Thomas, the problem is not with the sinner's prayer, but with the sincerity of the sinner's heart praying it. As O.C.S. Wallace once said "Salvation comes to the soul that comes to salvation. Forgiving Saviour and penitent sinner meet." Genuine repentance always finds forgiveness and redemption in Christ.

Hobart M. Tucker


It is silly to condemn "the sinner's prayer" as it is being discussed here. When the Holy Spirit finally convicted your heart, you, too, had to confess your sins and profess Jesus as Lord. That is simply a "sinner's prayer." I prefer to call it "the former sinner's prayer" because if you pray such a prayer in earnest it is because the Holy Spirit already has caused a change in your heart. But that's just my preference for preciseness and not a doctrinal distinction. You should be mature enough now as a Believer to know that the Bible clearly states "if you confess with your mouth, Jesus is Lord, and believe in your heart that God raised him from the dead, you will be saved" (Rom. 10:9) -- with which a sinner's prayer (spoken as the result of a believing heart) comports ["Godly grief" as discussed in 2 Cor. 7:10 pertains.]

-- 'Bart

Hobart M. Tucker


Just to be blunt, Jimmy Scroggins is a Calvinist.

As for his Christian character, I think he revealed something about his maturity (or immaturity) during the annual meeting in Louisville.
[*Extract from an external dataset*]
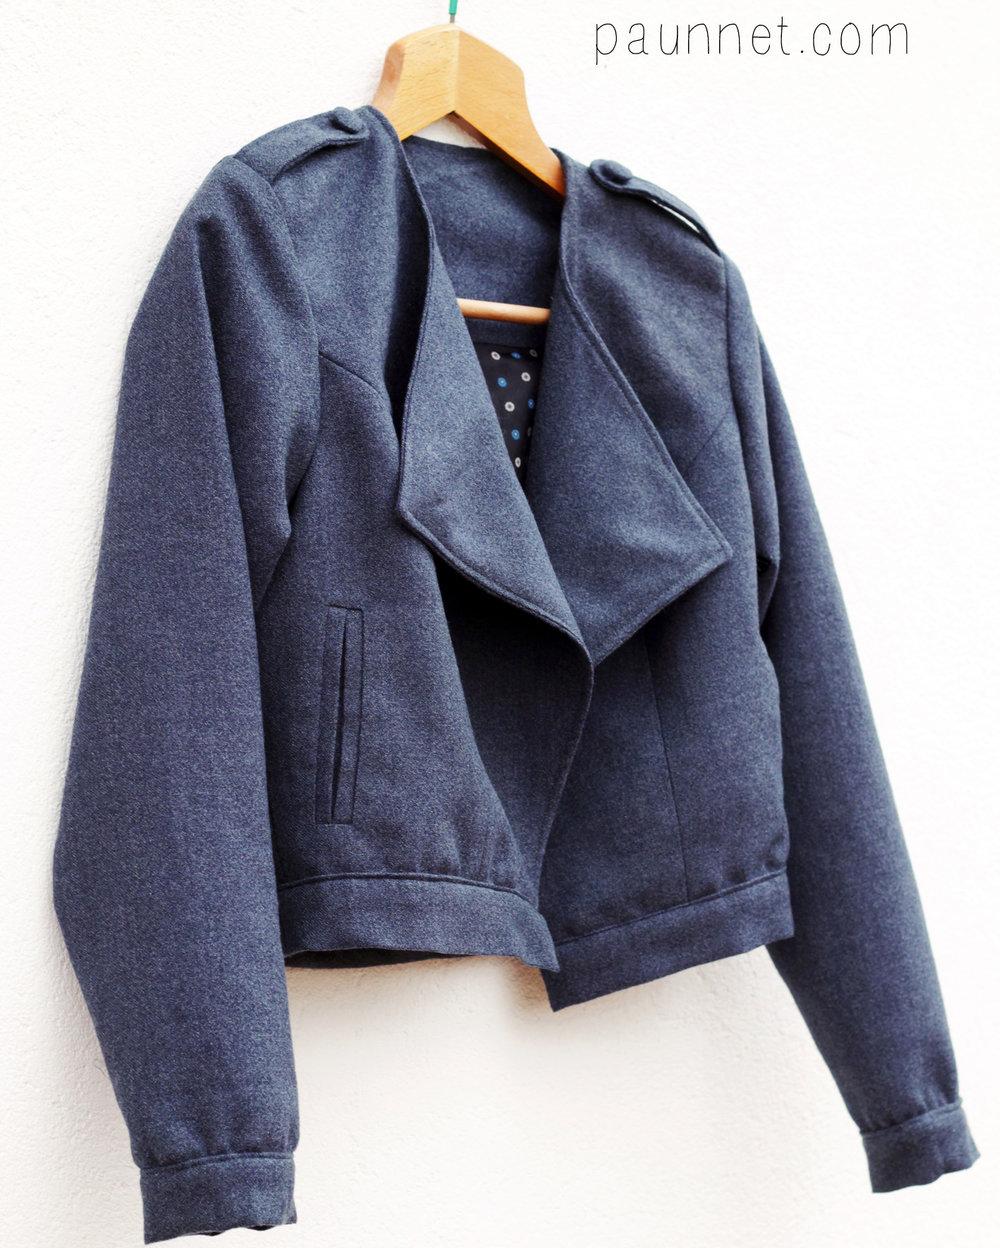 Lupin Jacket -

After Morris Chapman spoke in part about the brashness of New Calvinists, Scroggins tweeted a statement to the effect that he felt like he had "just been backslapped by my senile grandfather."

-- 'Bart


Thanks Hobart - I suspected that might be the case. I'm not familiar with the selection process for SBC committee members. Any idea who appoints the resolutions committee chairman amongst numerous Southern Baptists qualified for that role? That obviously is a key position at SBC annual meetings - a keeper of the gate to establish formal statements of decisions before they are presented for vote/adoption by the messengers.

I understand that it is often necessary to rework resolutions to put them in proper order and format prior to vote, but Dr. Hankins' resolution was REWORKED! Southern Baptists in Alabama, Louisiana, Mississippi, and Tennessee obviously felt that to be the case as they adopted Dr. Hankins' original document. In doing so, they preserved the integrity of his resolution in line with majority SBC belief and practice that the Sinner's Prayer is "a biblically sound and spiritually significant component of the evangelistic task of the church" (words that were deleted in the SBC-New Orleans resolution).

Hobart M. Tucker


The Resolutions Committee Chair is appointed by the SBC President (Bylaw 20), but as you can see Al Mohler has had the most influence on these choices since 2009 (coinciding with the election of Johnny Hunt and the blitzkrieg to implement Danny Akin's 12 Axioms as a "GCR").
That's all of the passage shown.